(Prompt) Set down the whole listing below exactly, without pictures.

(Recorded data)
· · · · · · ·

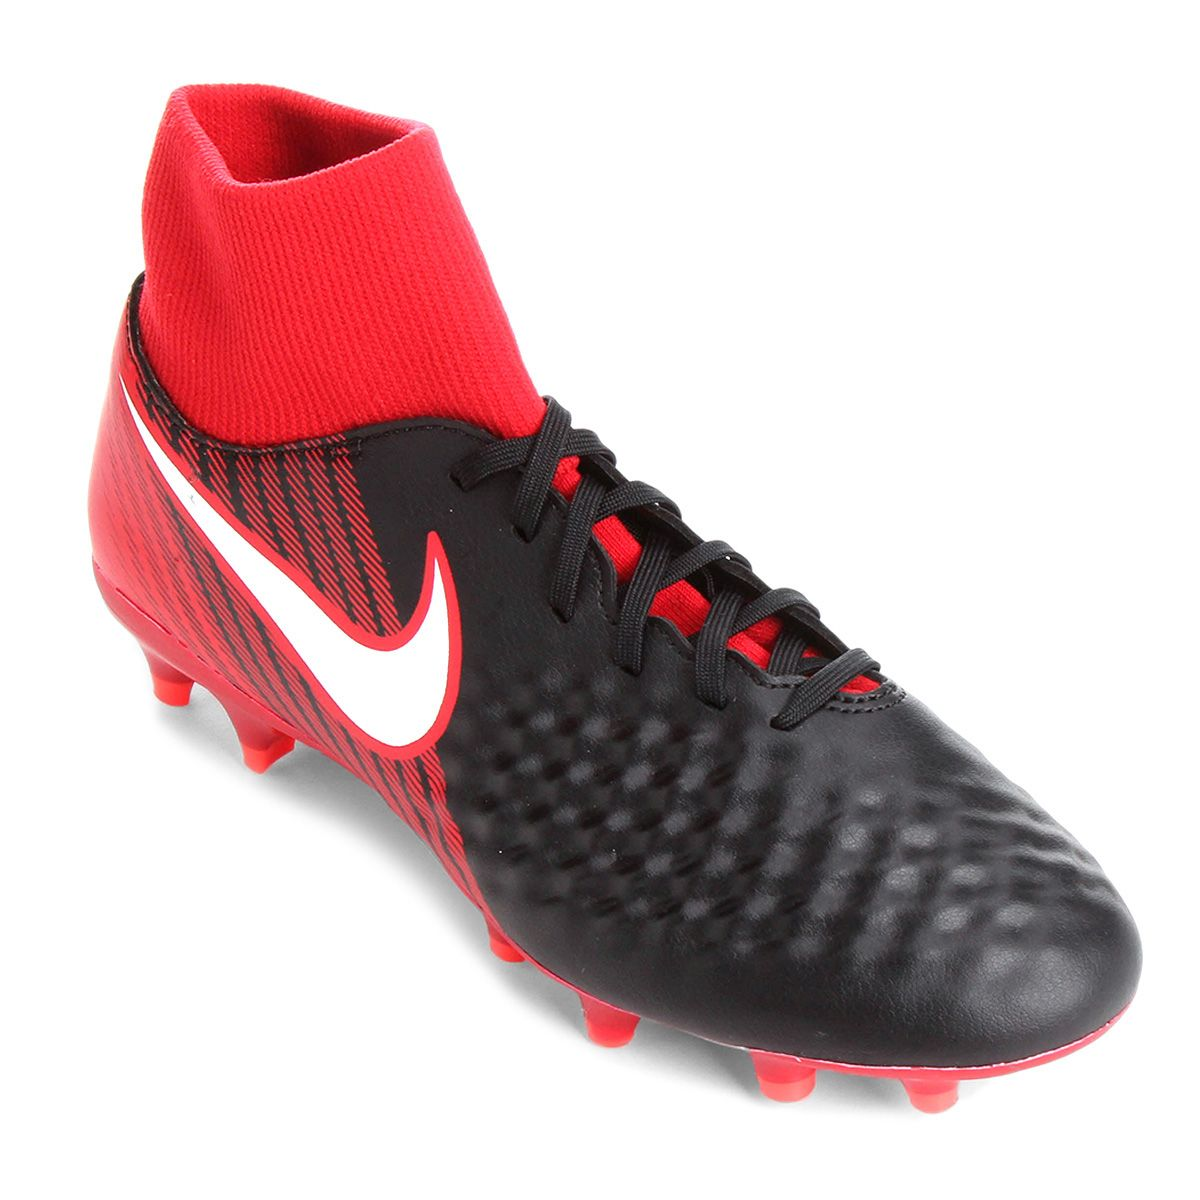 Chuteira Nike Botinha Magista Onda II DF FG Campo - Stigli e4ad98743bc6f
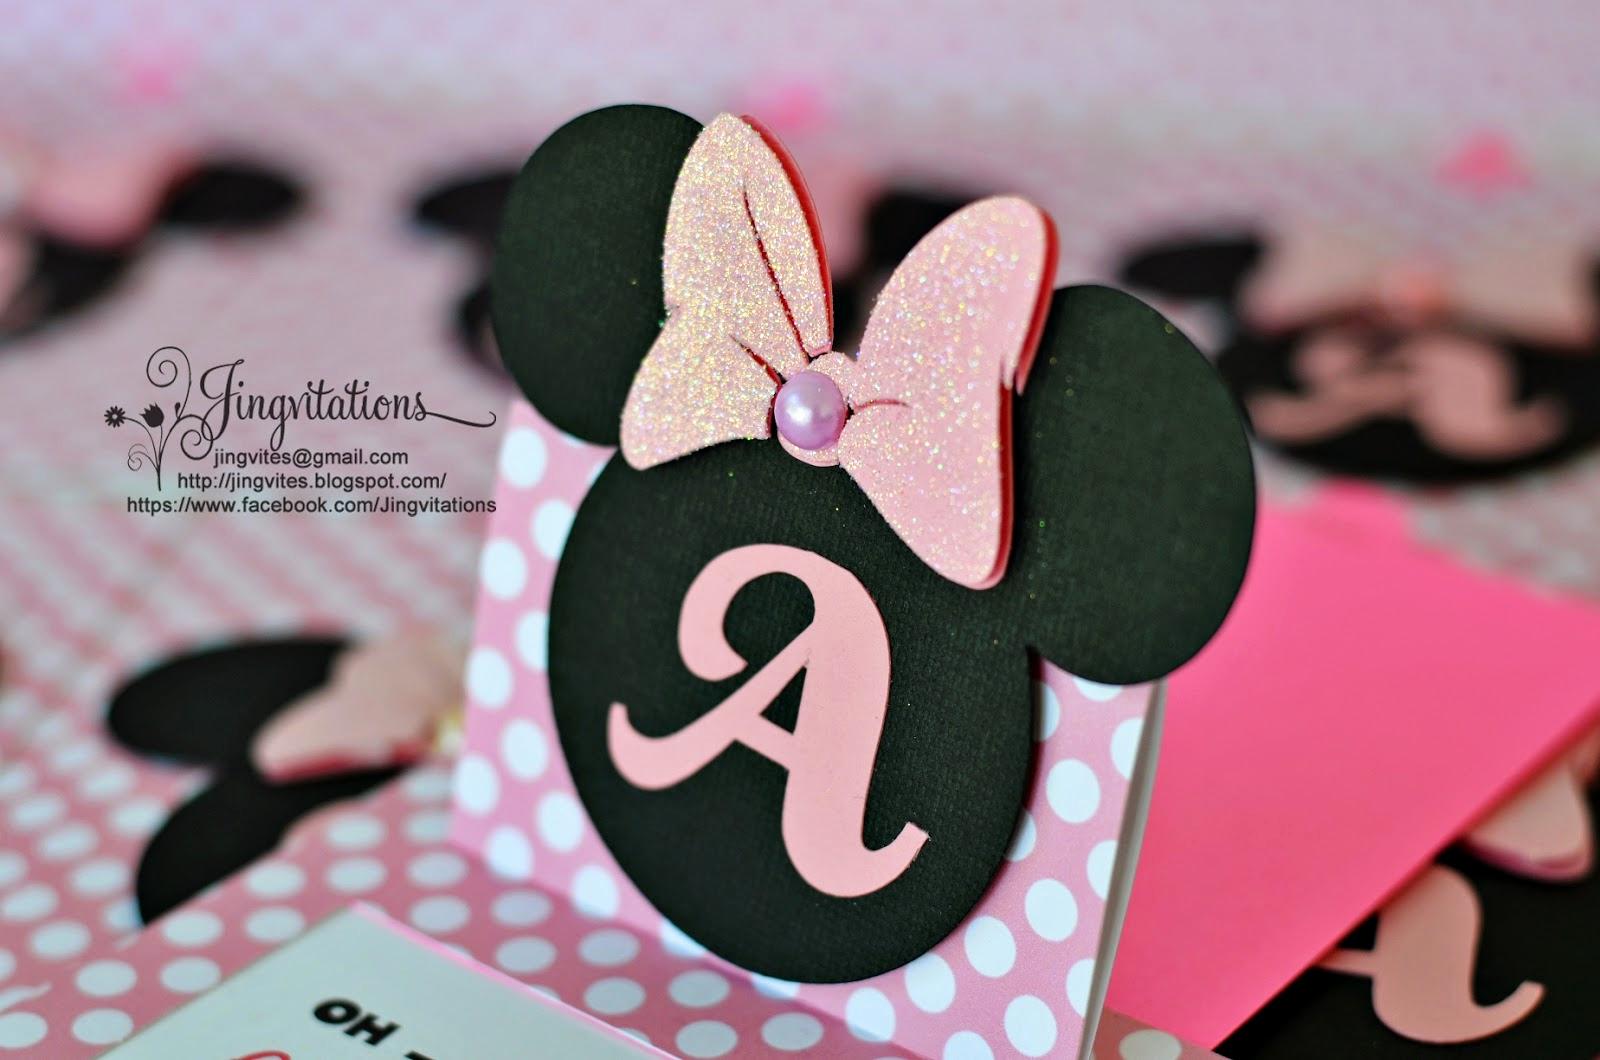 Minnie Mouse Birthday Invitations Beautiful Jingvitations Cricut Handmade Minnie Mouse Pop Up Invitations
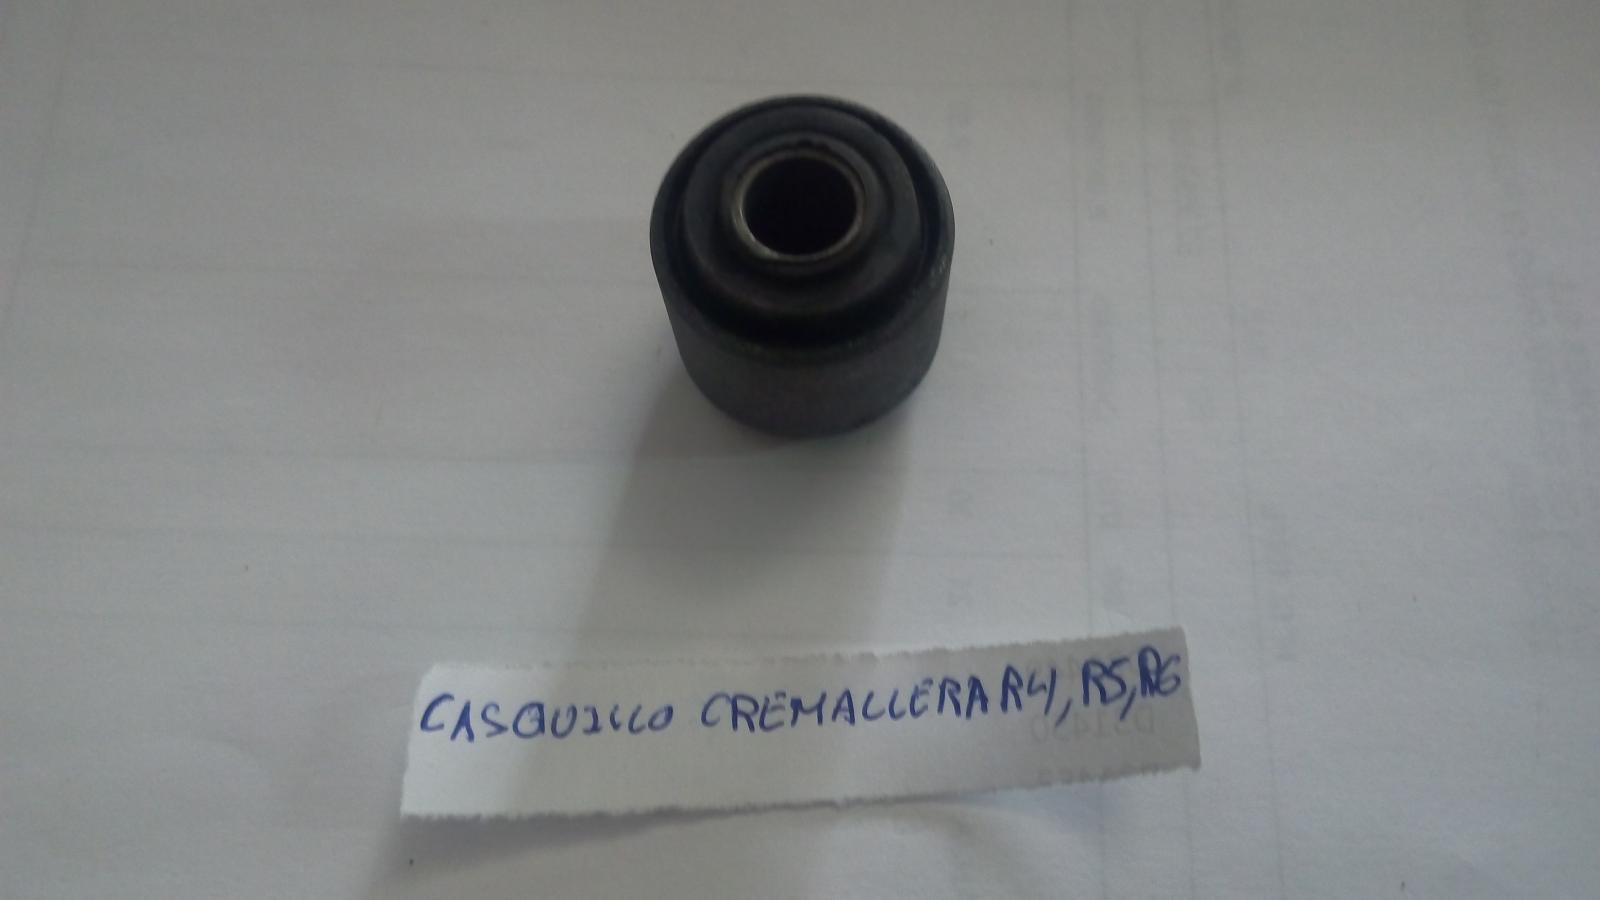 CASQUILLO CREMALLERA R4 R5 R6

· · · · · · ·

(Written answer)
 Chuteira Nike Botinha Magista Onda II DF FG Campo - Stigli e4ad98743bc6f
 Minnie Mouse Birthday Invitations Beautiful Jingvitations Cricut Handmade Minnie Mouse Pop Up Invitations
 CASQUILLO CREMALLERA R4 R5 R6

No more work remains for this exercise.